Okay, so first you have to pay heed to the disconnect, right? Is my first message to you. So if you have a conflict after conflict with your child, they heed to that. That’s a sign that there is something disconnected within you and of course, it is easy to blame the kid and punish the kid and discipline the kid but then what? At the end of the day, the only person who has power to change is you. So you have to then start saying to yourself, “How can I start taking that pause in the moment and look in the mirror and not react?”
The first step is not to react and the step to not react means to take a pause. The way to take a pause is to invite yourself to say, “For the next three days, I’m just going to enter silent mode and just pay attention. So if my child is being rude to me, I’m not going to react and say, “Why are you being rude to me? I’m going to punish you. I’m going to discipline you,” I am just going to listen and say, “I hear you. I can see that you’re upset. I’m going to watch and see how I make you upset and I’m going to pay attention.”

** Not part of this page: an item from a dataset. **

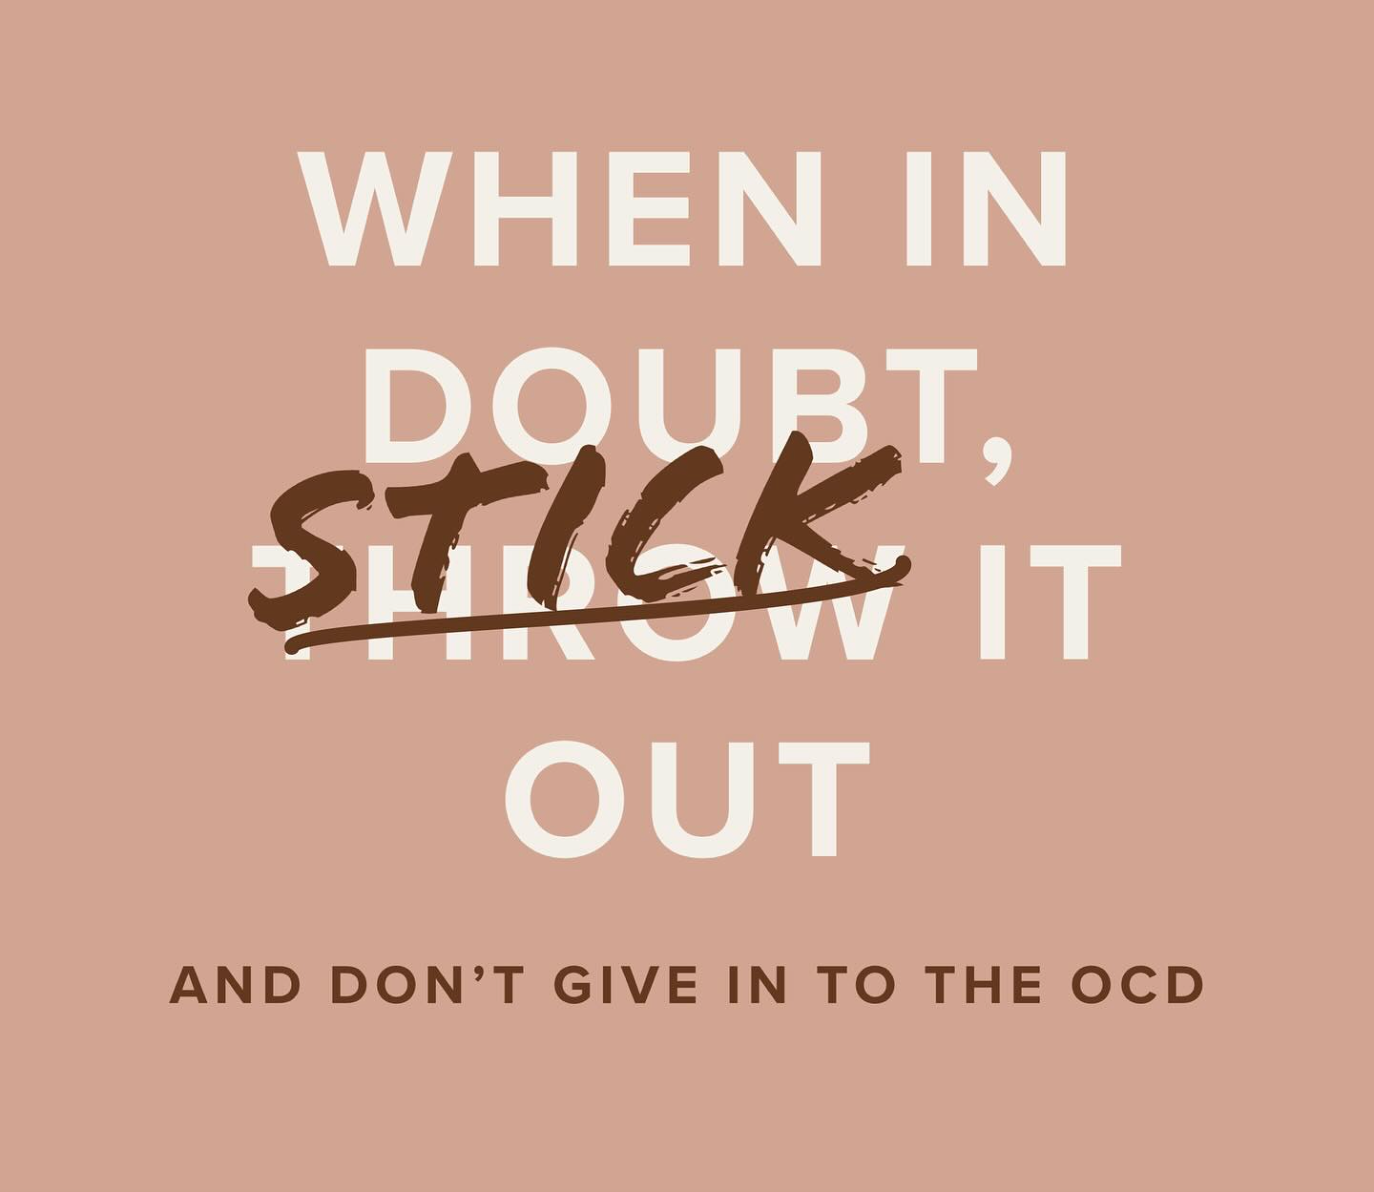 Help for OCD

Just the willingness to turn inward and say, “I am going to pay more attention even though I wanted to yell at you and scream at you and make you feel bad for making me feel bad. Instead, just not taking it personally for a moment and pay attention and begin to see how I’m contributing to your distress.” So instead of blaming the world, we begin to turn our eyes inward and begin to ask the pivotal question which is, “How am I contributing to this upheaval in my life?”
The key thing is first to gain the awareness that you are not coming from your true self. Then, take full responsibility for your behaviors. Once you have the awareness, and you take full responsibility you can begin to learn how to operate from your authentic self.
Interview after interview, book after book, I see the same theme. Nothing can start without awareness of what’s going on with you. Our first instinct, as Dr. Shefali is saying – and so many brilliant, wonderful people have said – is we stay focused on the world around us, not our deeper instincts. In part because we haven’t developed that deeper sense of self and in part because we think we won’t like that deeper sense of self.
So we focus on the external world. We blame. We get stuck on being a martyr and a victim. We are upset with what we believe other people may have done to us. But this is your work. It is your work to honor who you are. Maybe you weren’t seen as a child, maybe you weren’t told you mattered, but now it’s up to you. You must start the journey by turning inward and creating the awareness of what’s going on with you.
If you stay in the blame or victim space, you’ll never be free. You’ll never rise up and you’ll never have the empowered life that you desire. When you create the awareness and check in with what’s going on with you, you can then begin to grow. You can begin to learn about who you are and who you are not. And those disempowered voices of the mind that tell you, “You’re not enough, you are not capable enough, you’re not powerful enough, you’re not lovable enough,” for who you are, must be managed or they will be your undoing.
[00:11:22.4] Dr. Shefali: So we begin changing and liberating ourselves and that is ultimately the most powerful thing we could do.
[00:11:29.4] LC: Thank you so much for listening to this week’s episode. Thank you again, a big thank you for Dr. Shefali for coming on the show, doing this tremendous work and sharing these incredible ideas. They’ve changed my life and I know they can change your life too.